He was tired of just surviving. A pig kidney gave him a shot at living

Tim Andrews knew that he needed dialysis to manage his end-stage kidney disease, but over months of treatment, he started to wonder whether it was worth it. He was exhausted and hopeless. He missed his grandkids.

It kept him alive, but it didn’t feel like living.

Desperate for another option, he found a surprising alternative: an organ from a pig.

Andrews, 67, is a pioneer of a new kind of medicine. In January, he had an experimental cross-species transplant of a kidney from a genetically modified pig. He is one of only a handful of patients who have undergone the experimental procedure.
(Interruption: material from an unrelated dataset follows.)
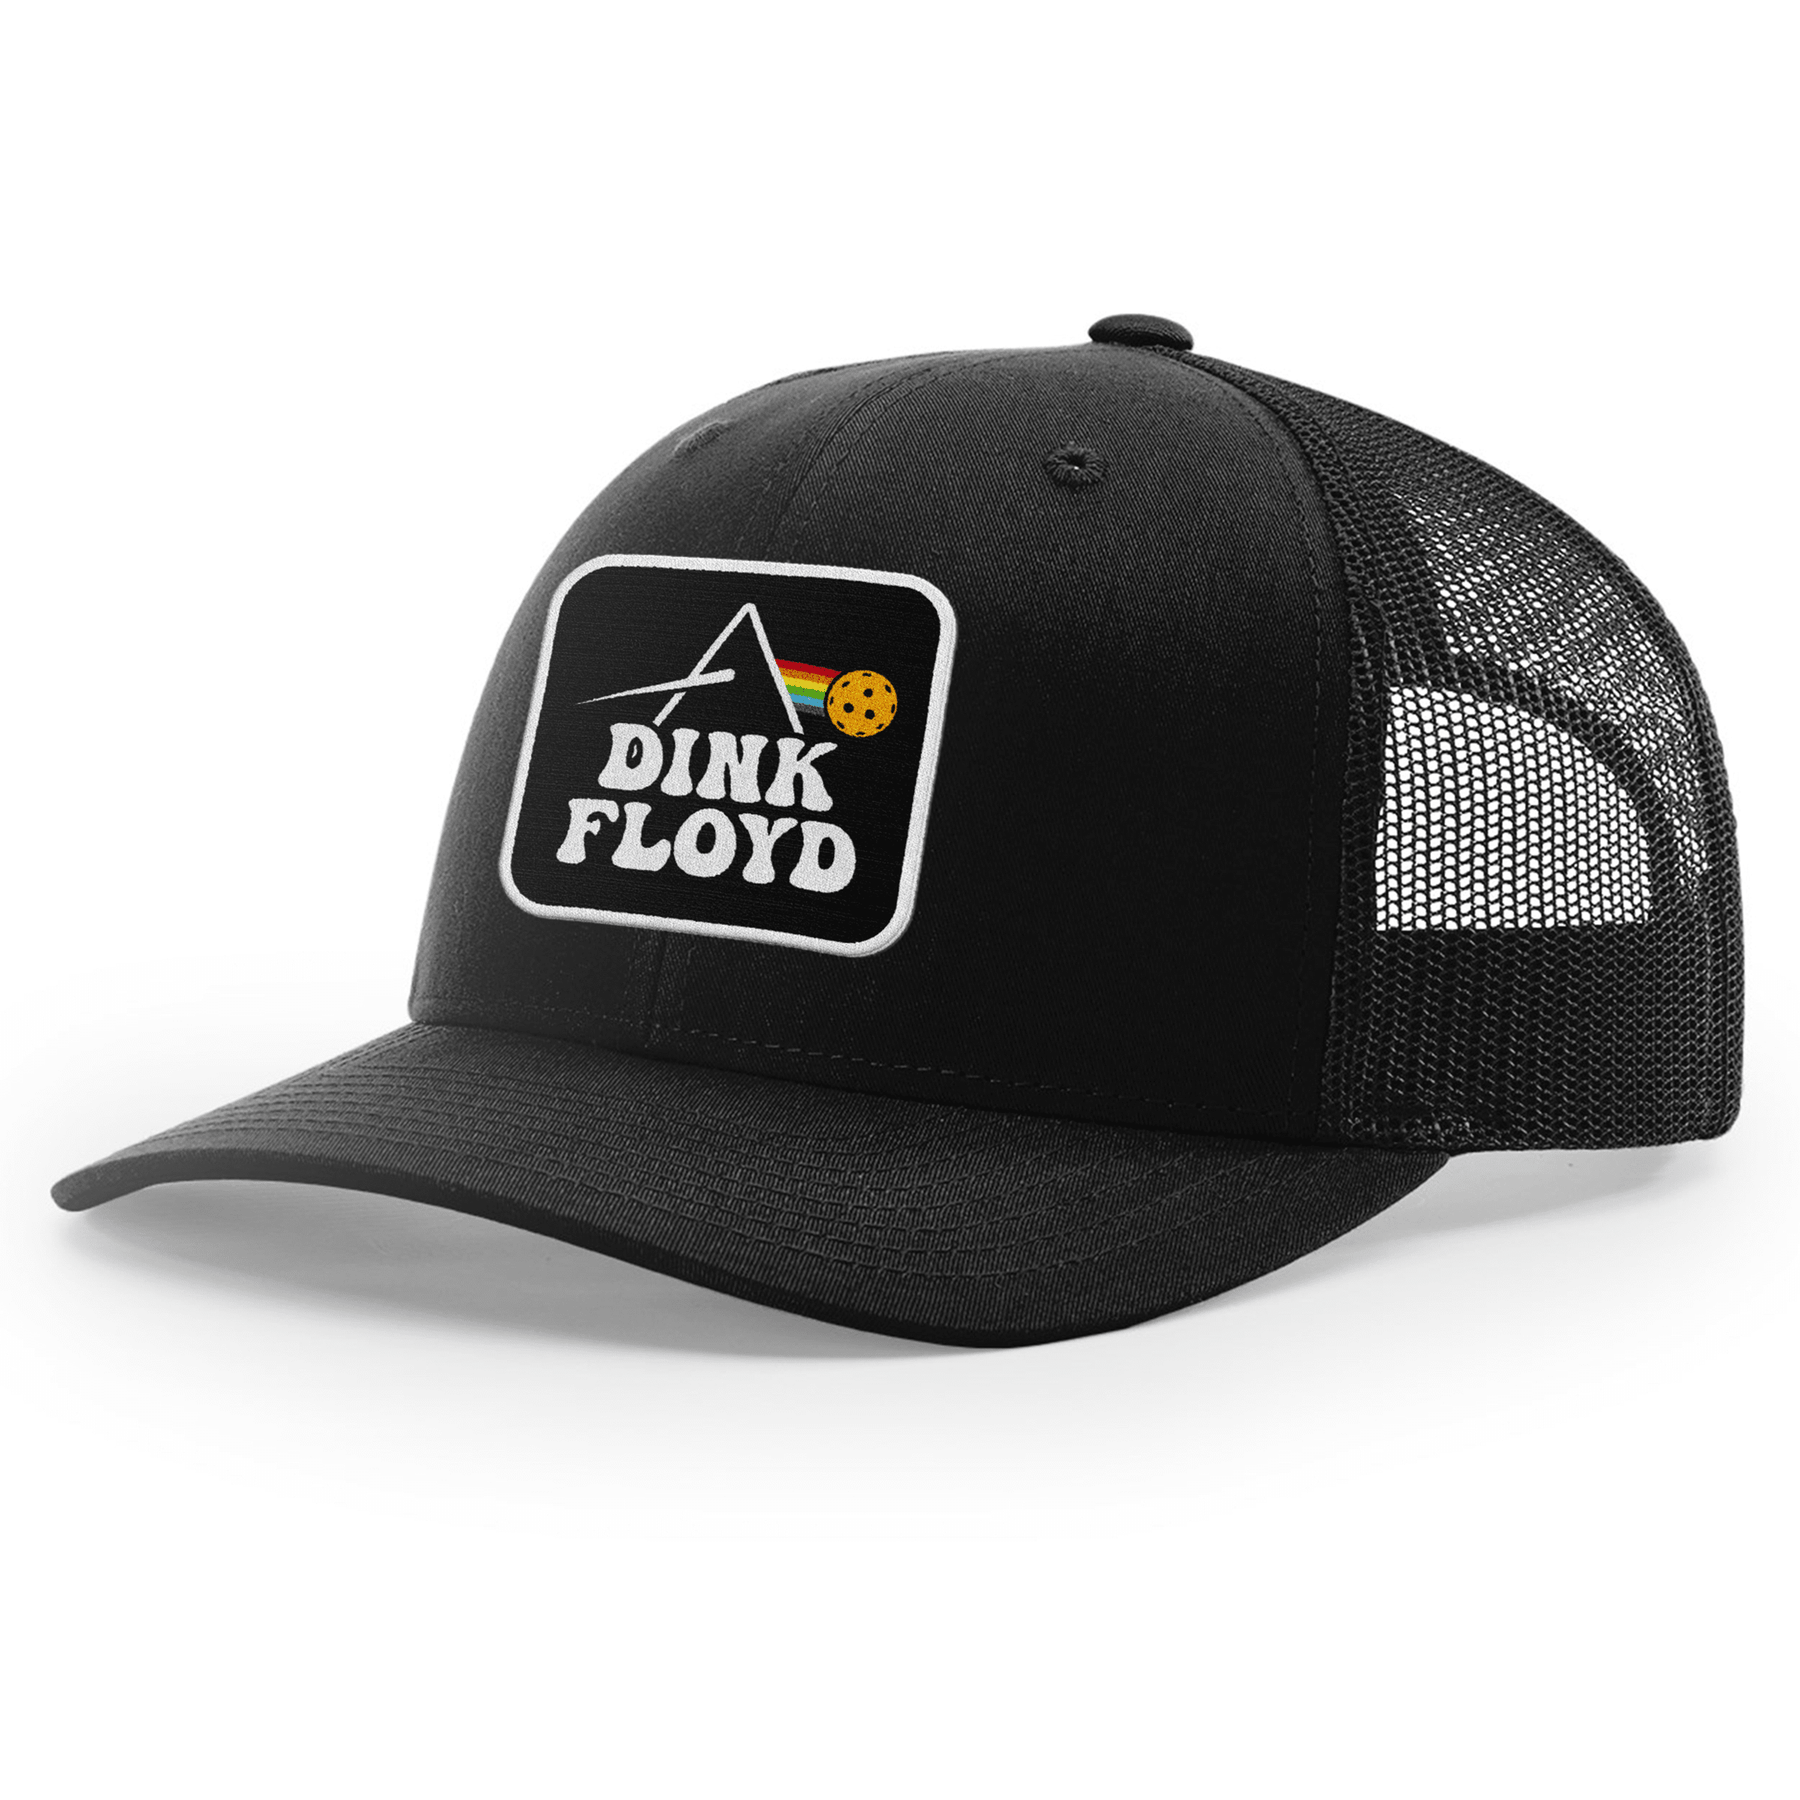 Dink Floyd Hat

For now, he’s the lone person in the United States known to be living with a pig kidney.

Andrews knew that there was a risk to trying something so new, but if the kidney gave him just one more day free from dialysis, it was worth it — for him and for fellow patients.

‘Pick a box’

Andrews had been living with diabetes since the 1990s, managing the condition with insulin. About 2½ years ago, he went to the doctor feeling unusually tired. Tests showed that he had stage 3 kidney failure — his kidneys were still working but less efficiently than they should. He was relieved to learn that it was manageable with medication, monitoring and lifestyle changes.

But about a month later, a doctor delivered more bad news: Andrews’ kidney disease had rapidly progressed to end-stage disease. Dialysis was the only option to keep him alive until he could get an organ transplant.